= WHAT IS REQUIRED =
Return each line of the listing below, unchanged, and omit the images.

COLLECTED MATERIAL START

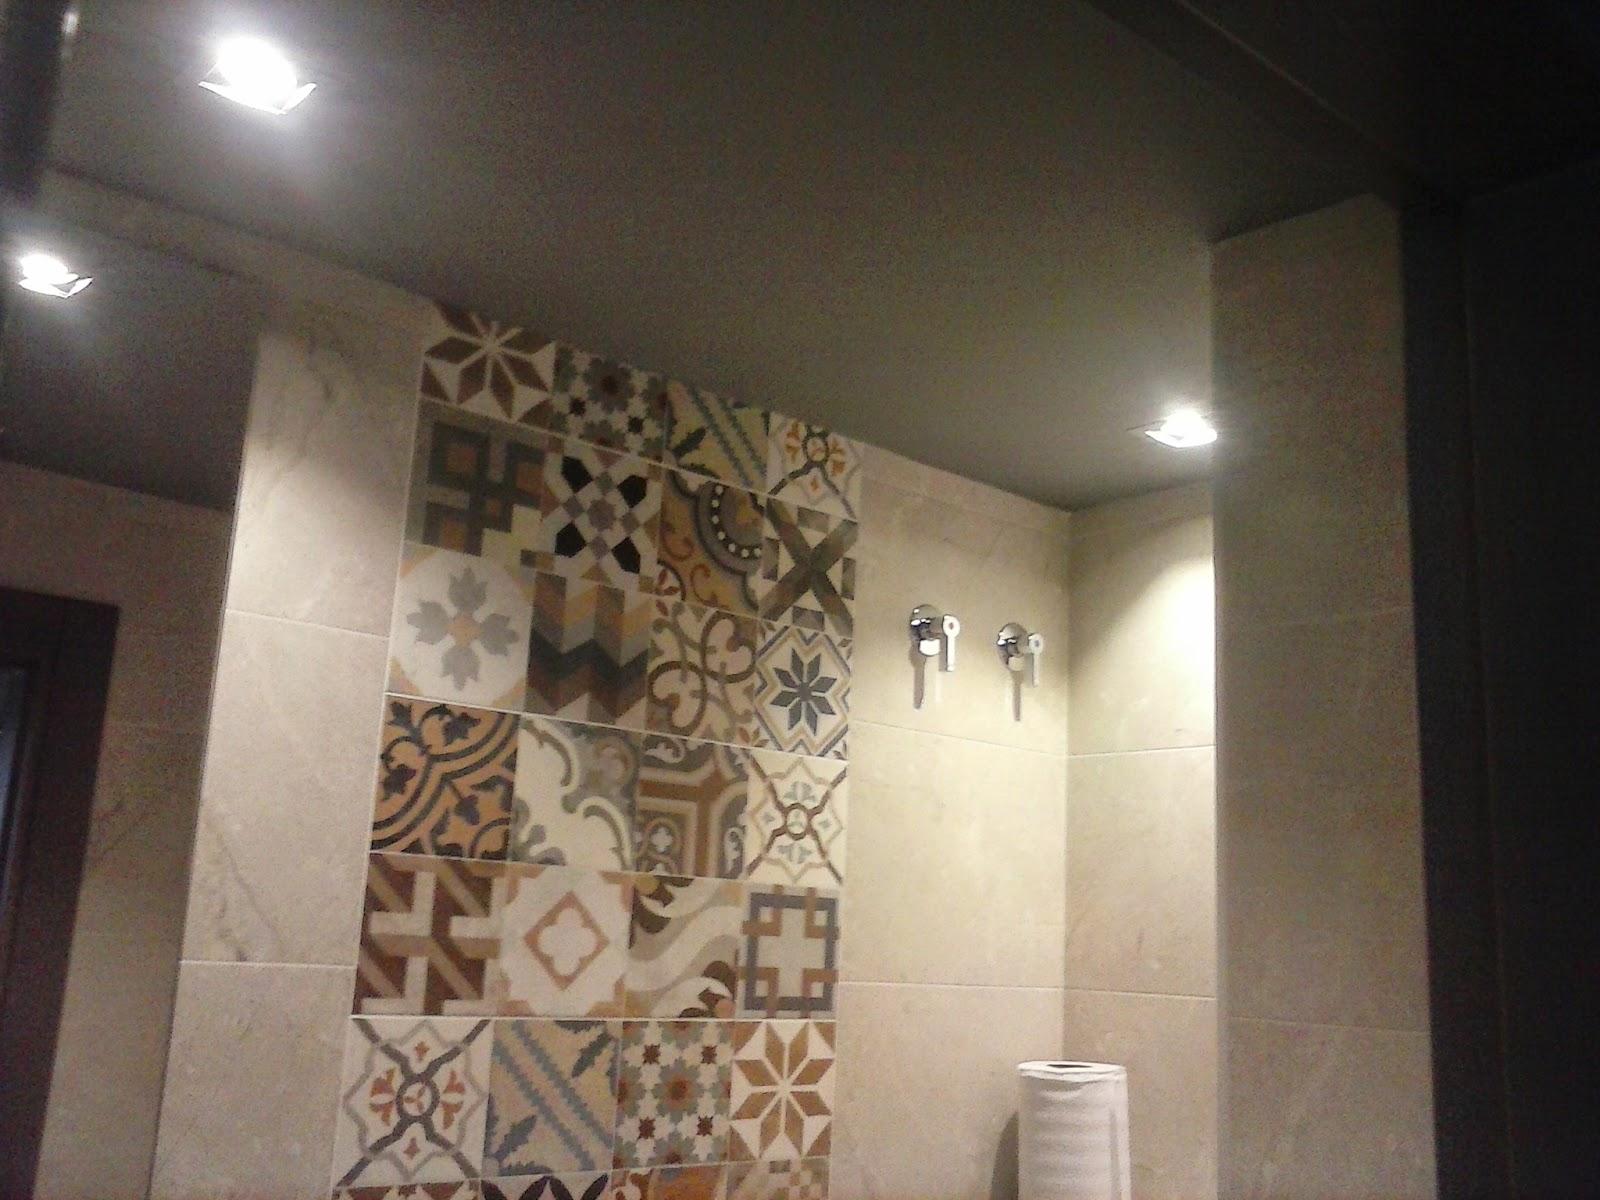 Aislamientos escobar tlf 637849242 bar cafeter a tr bol - Muebles sanchez antequera ...
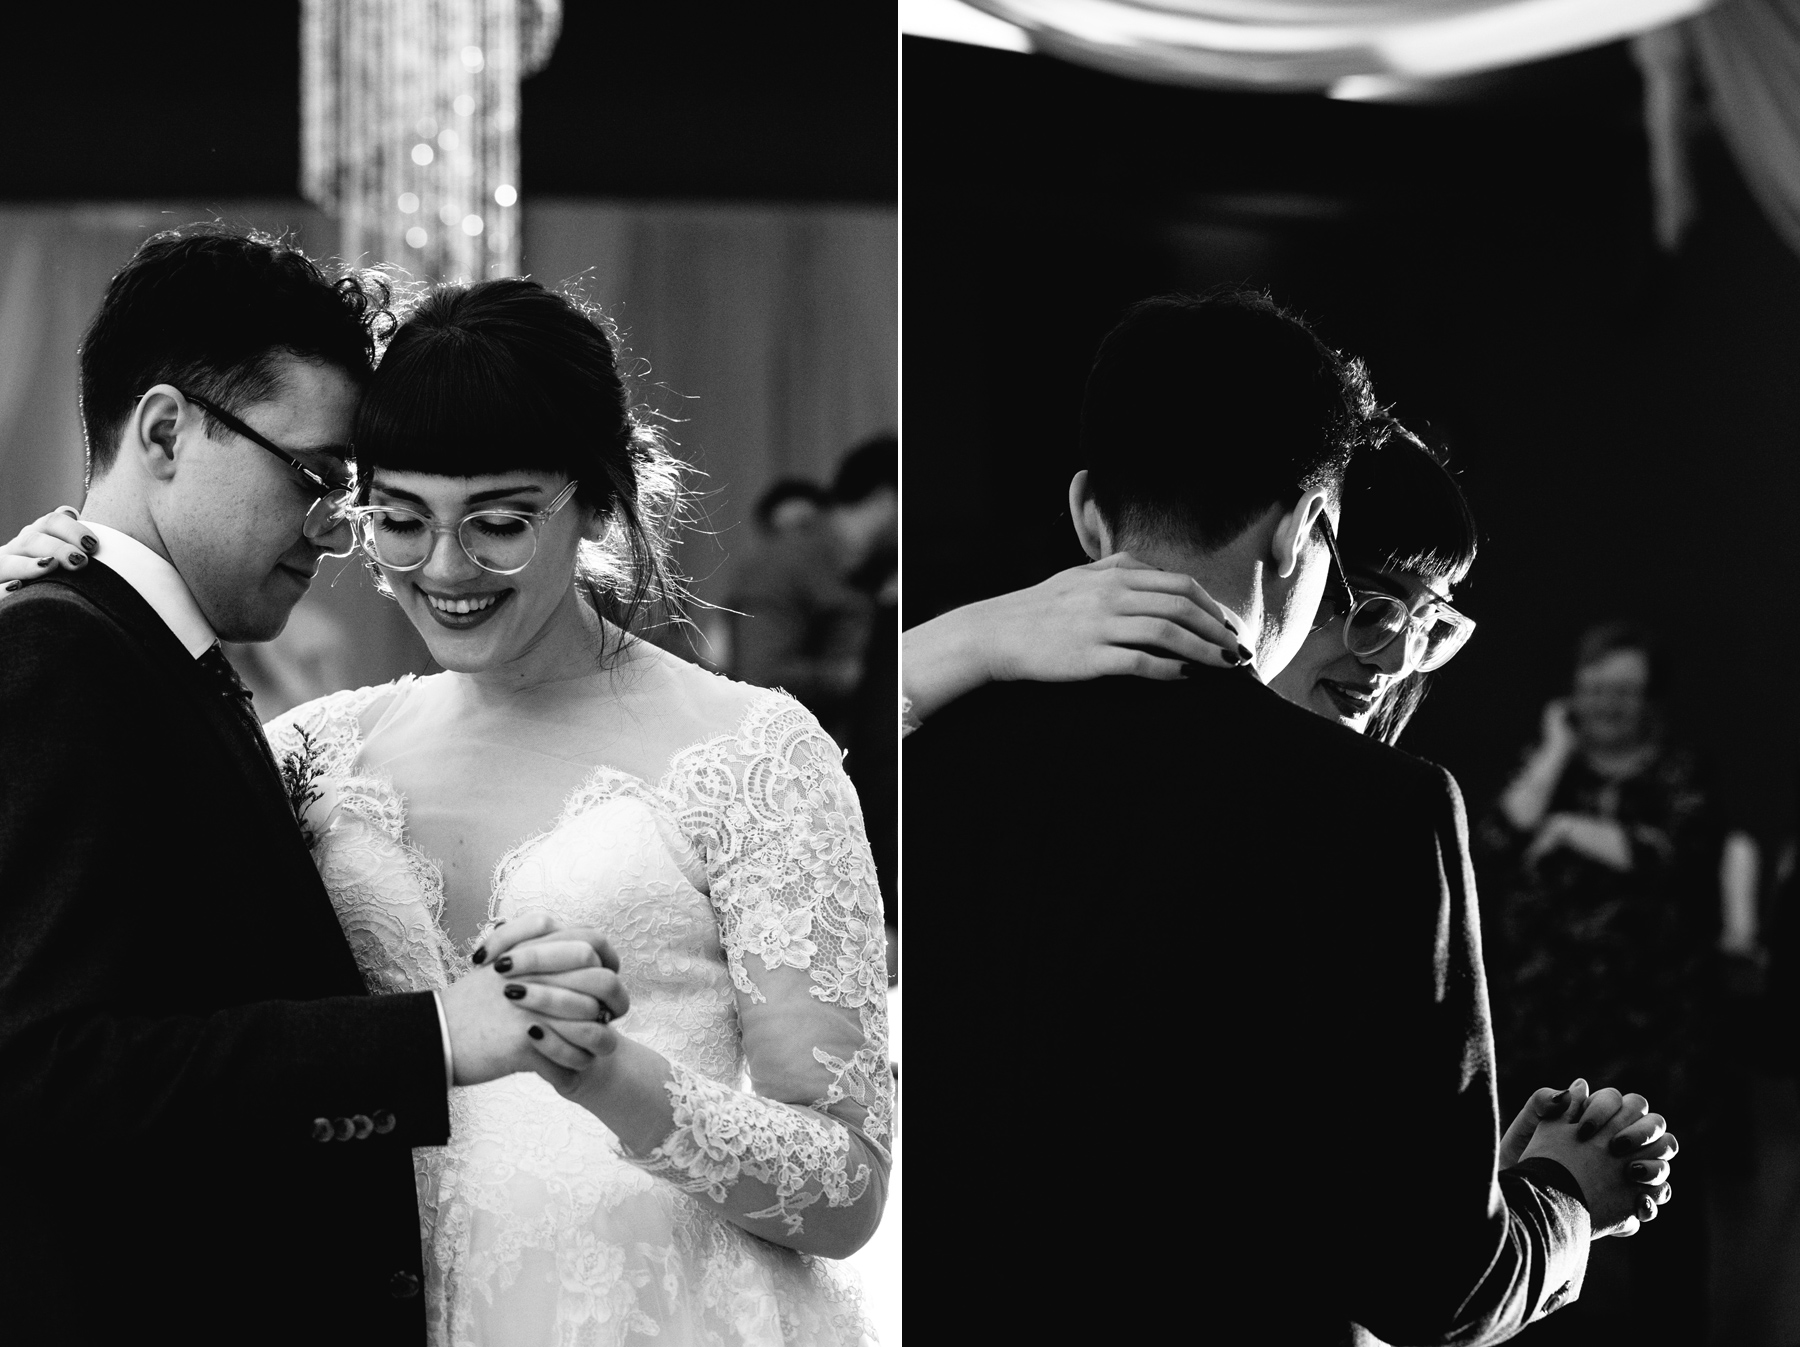 073-fredericton-wedding-photographer-kandisebrown-em2017
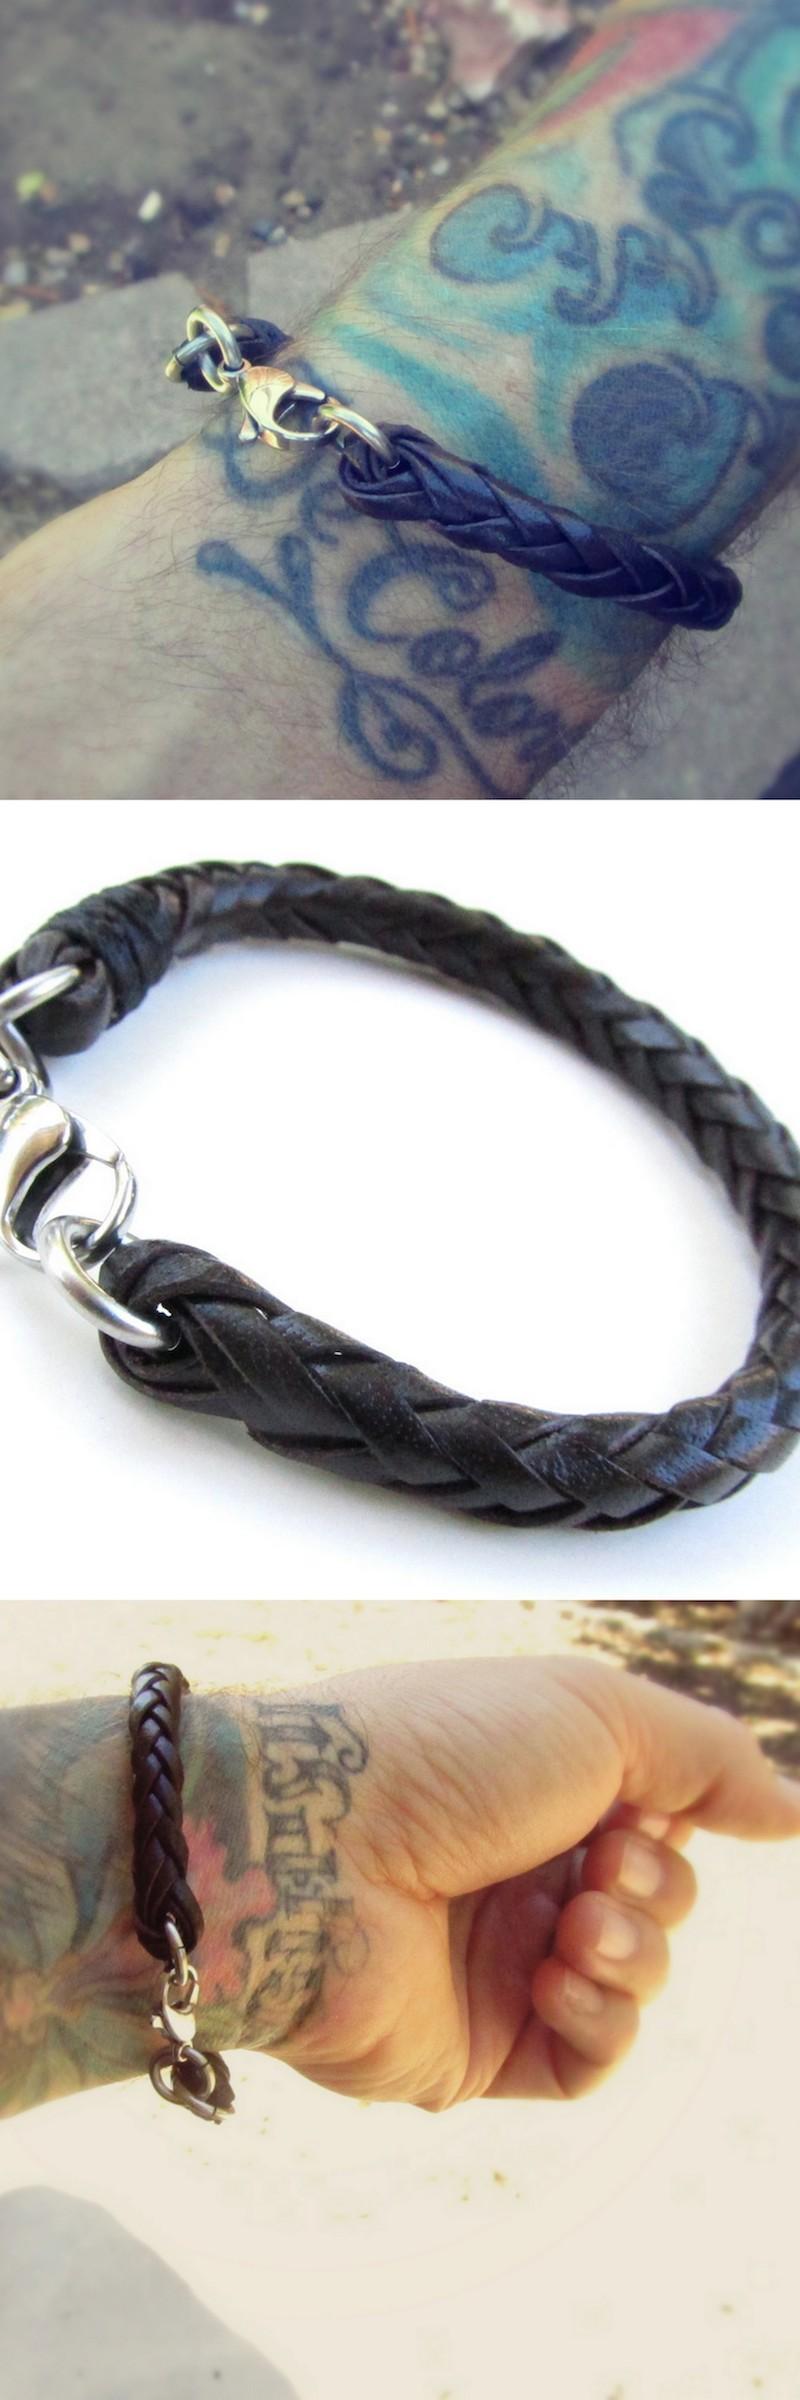 Mens braided leather bracelet tattoo sanfilippoleather

COLLECTED MATERIAL END

= EXERCISE RESULT =
 Aislamientos escobar tlf 637849242 bar cafeter a tr bol - Muebles sanchez antequera ...
 073-fredericton-wedding-photographer-kandisebrown-em2017
 Mens braided leather bracelet tattoo sanfilippoleather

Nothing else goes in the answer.